▸ **RECORDS FOR THE EXERCISE**

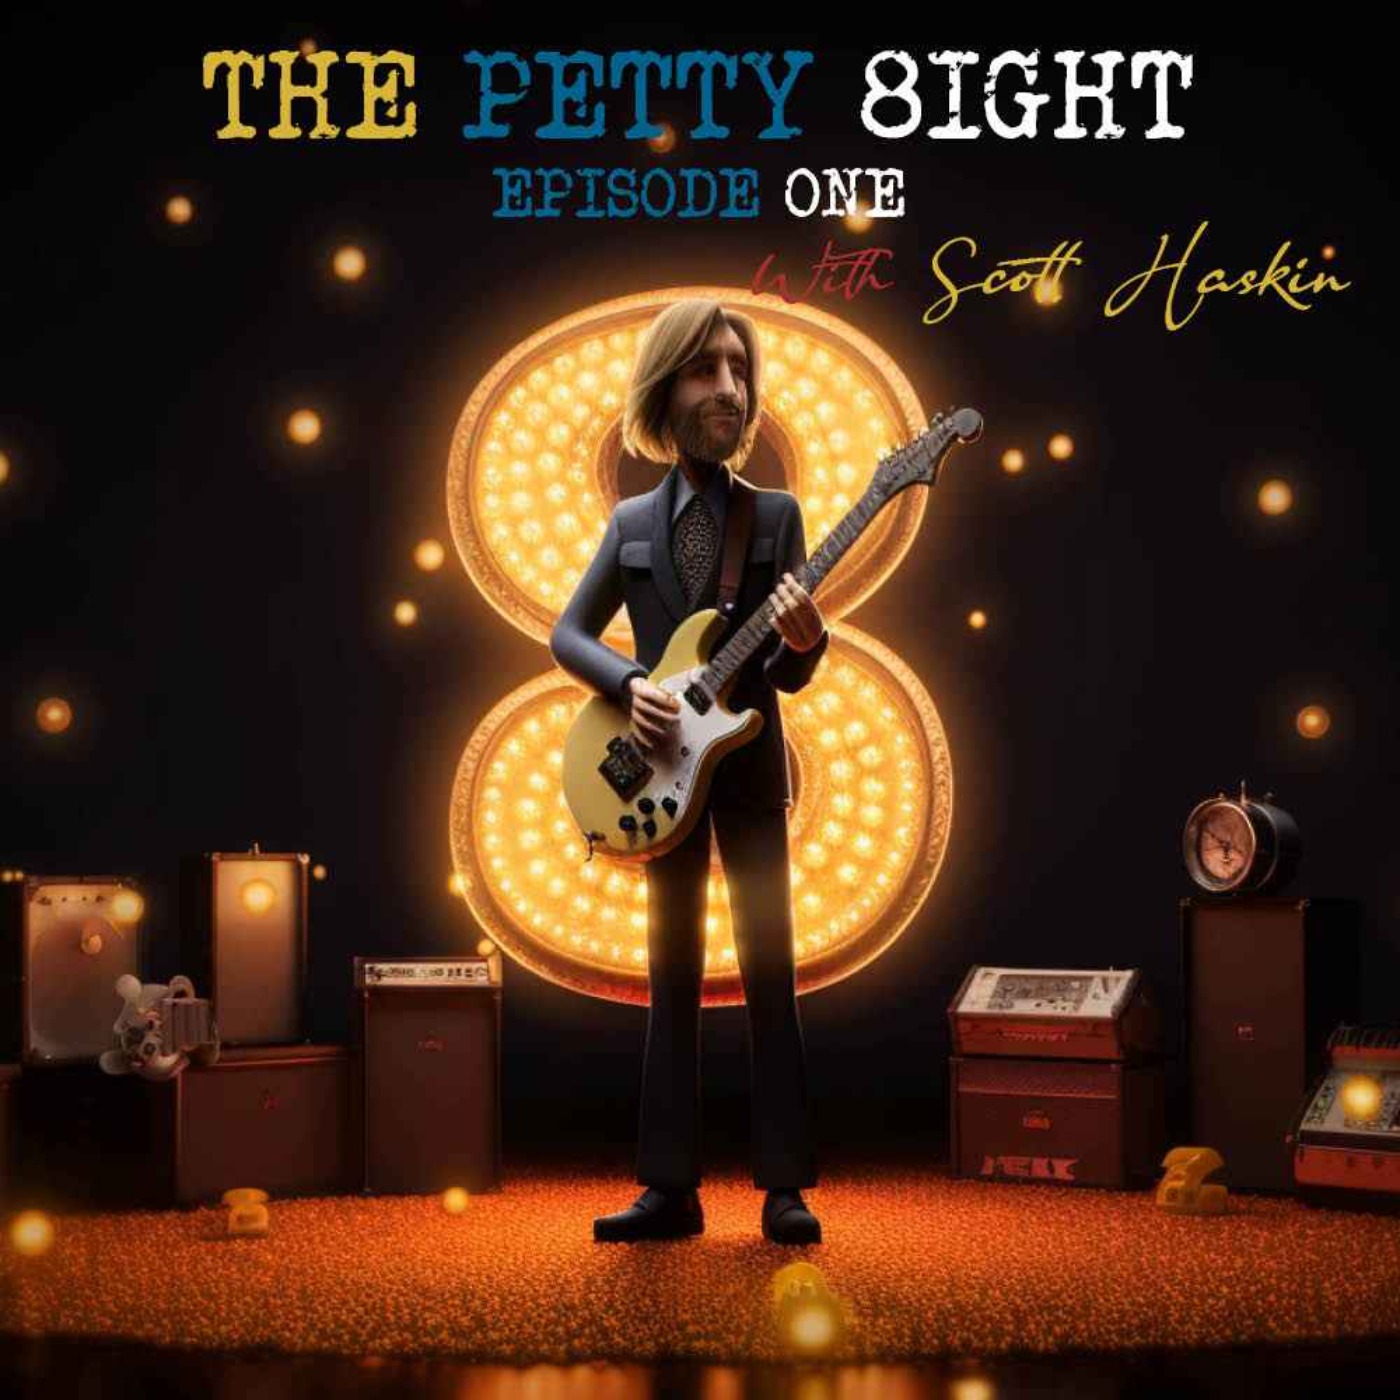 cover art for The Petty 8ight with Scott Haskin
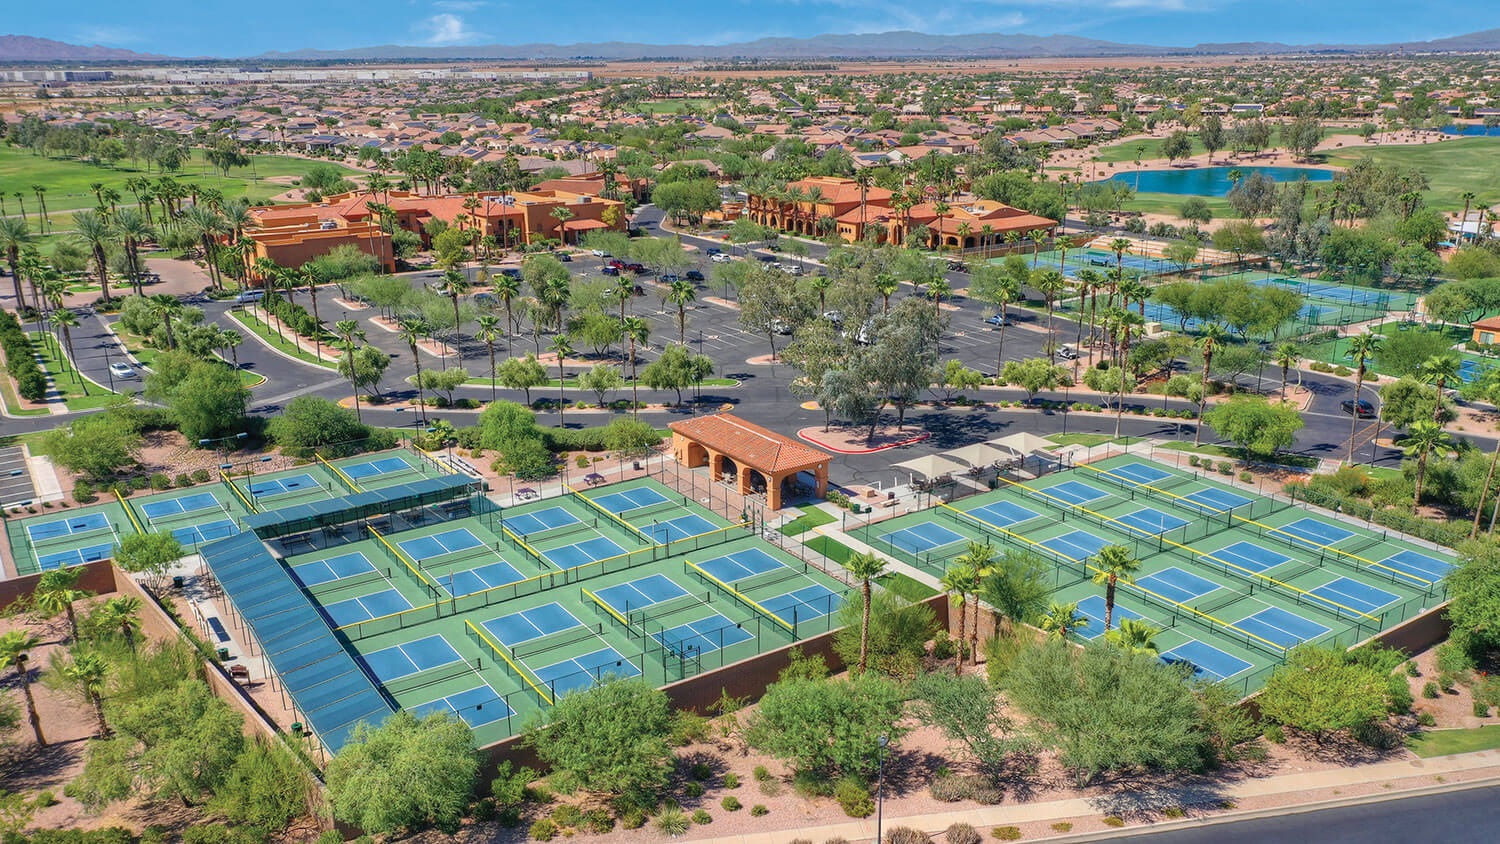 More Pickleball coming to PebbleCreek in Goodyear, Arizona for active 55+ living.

==

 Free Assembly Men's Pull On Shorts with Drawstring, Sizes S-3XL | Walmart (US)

...

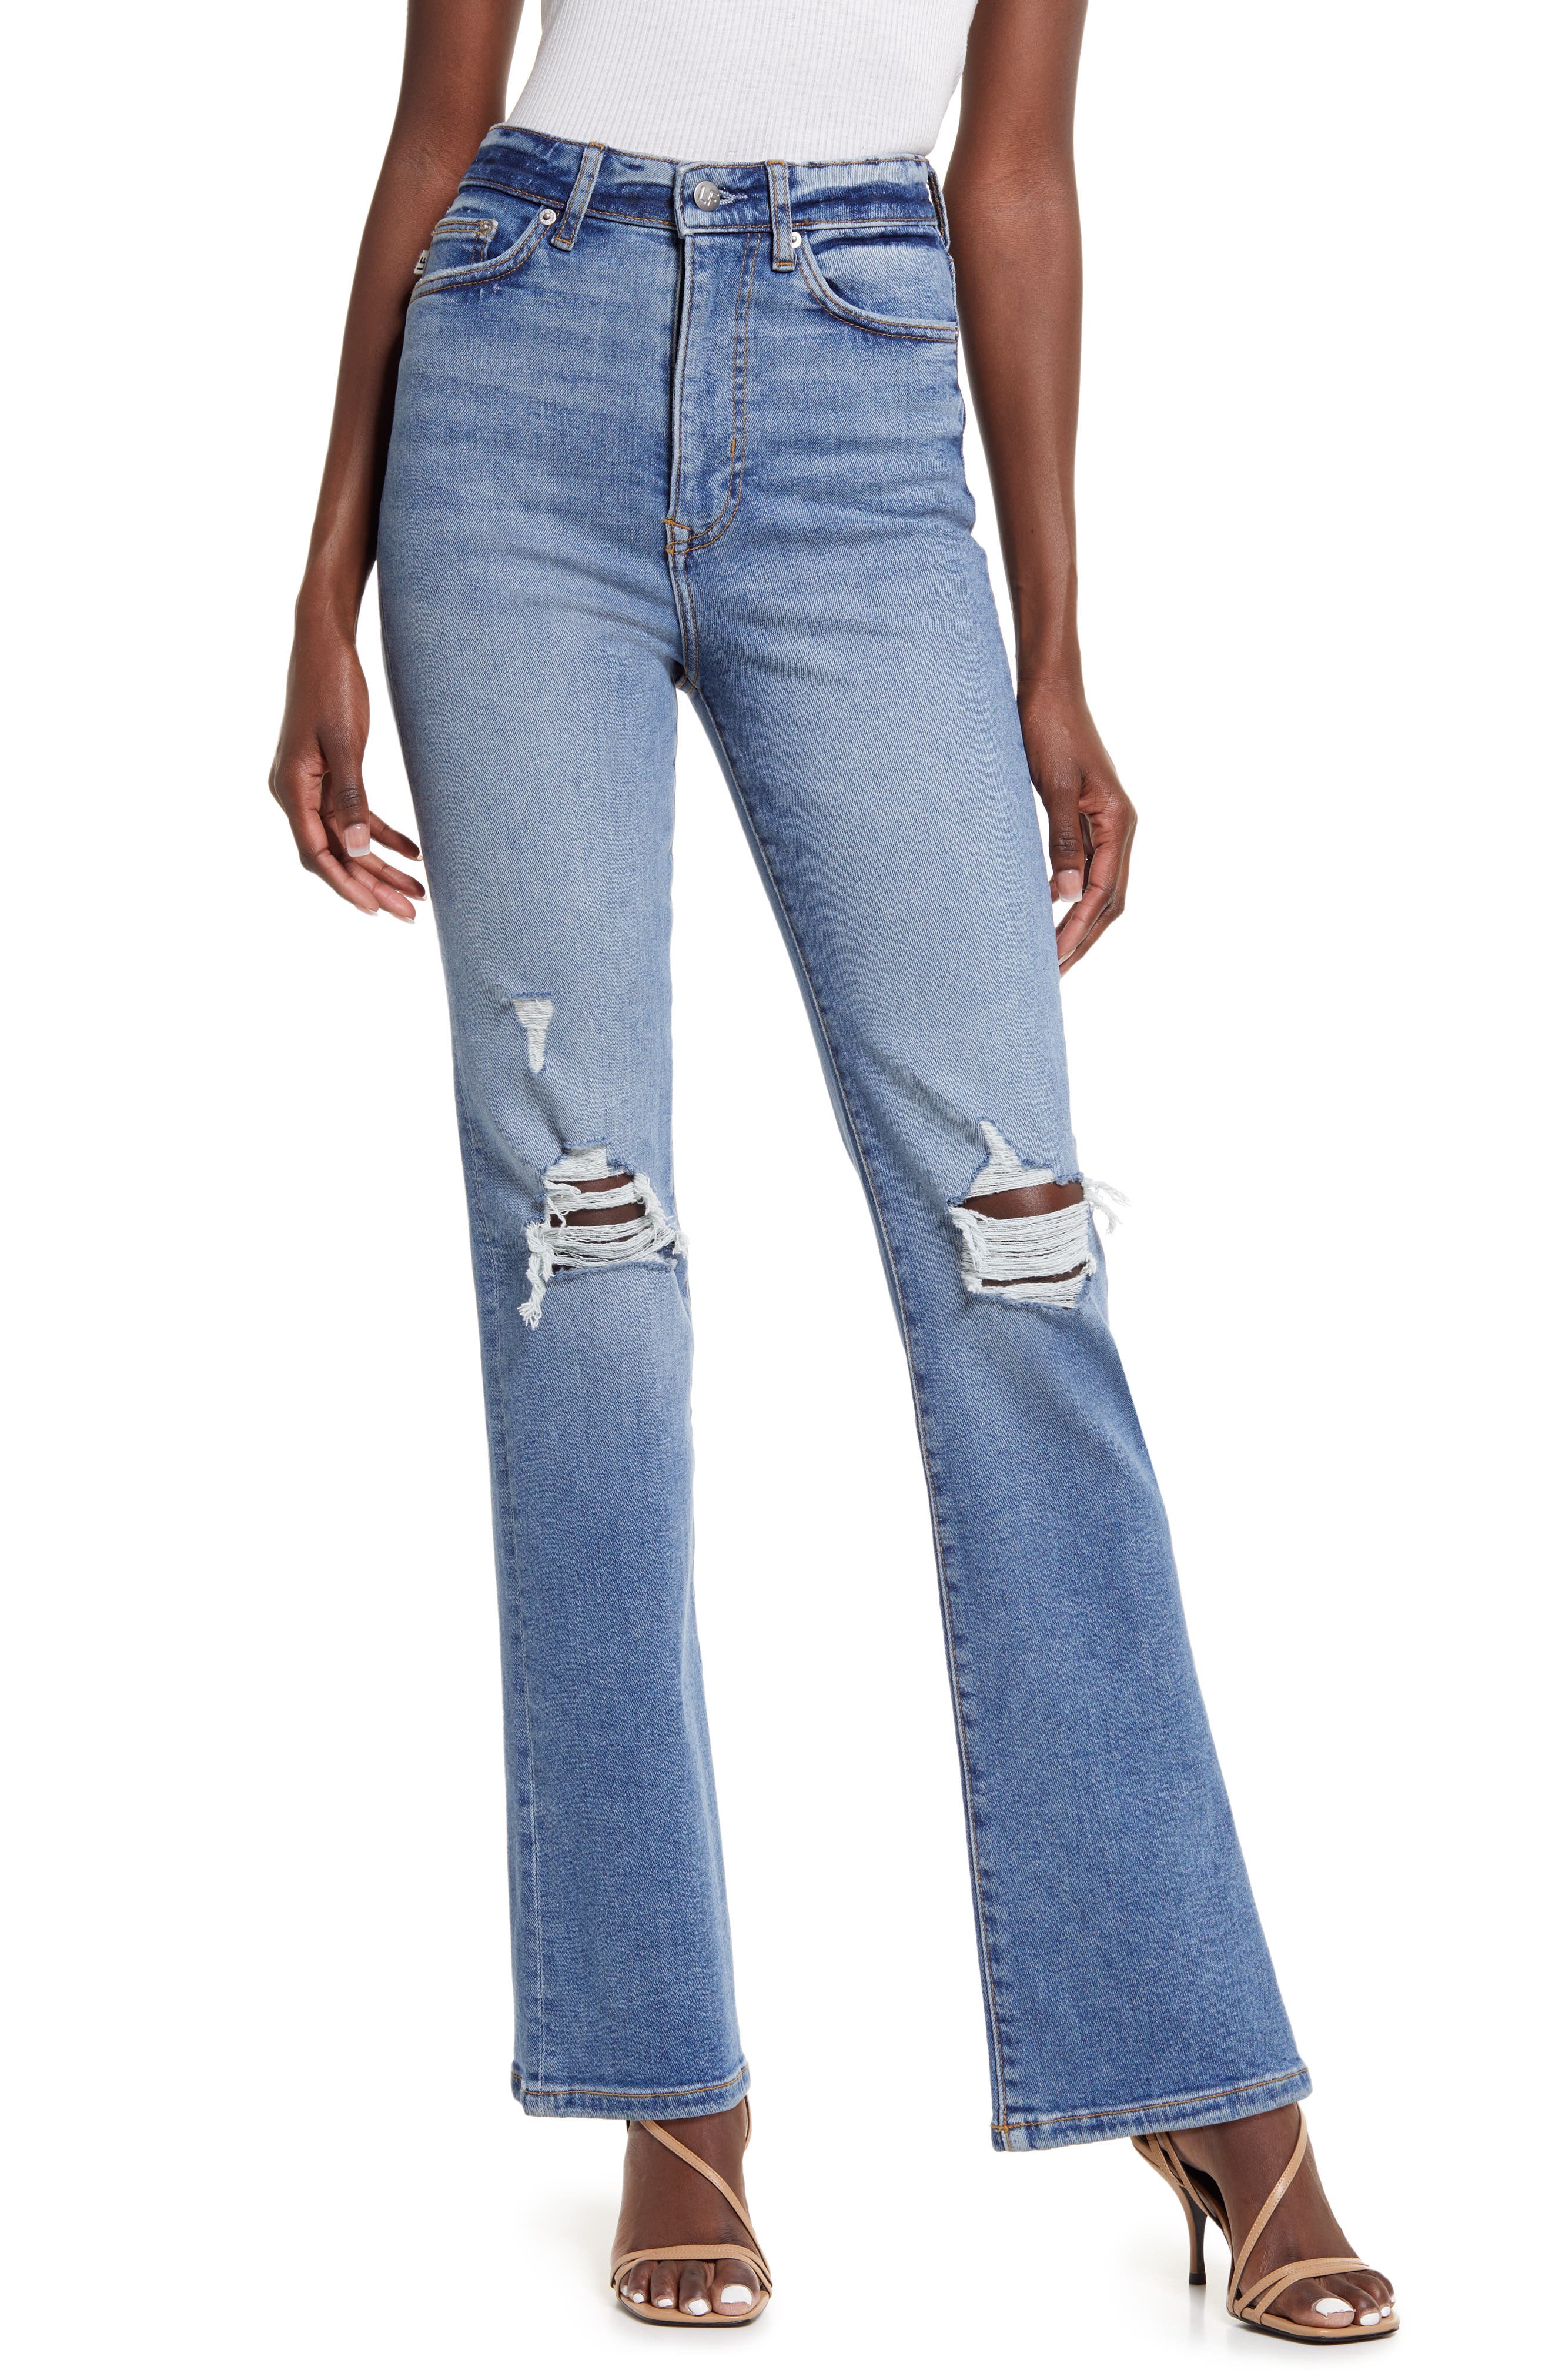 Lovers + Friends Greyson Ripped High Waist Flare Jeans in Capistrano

▸ **EXERCISE**
Range to copy from the listing above: the line with "cover art for" through the line with "More Pickleball coming". Transcribe it exactly and skip the pictures.

▸ **EXERCISE OUTPUT**
 cover art for The Petty 8ight with Scott Haskin
 More Pickleball coming to PebbleCreek in Goodyear, Arizona for active 55+ living.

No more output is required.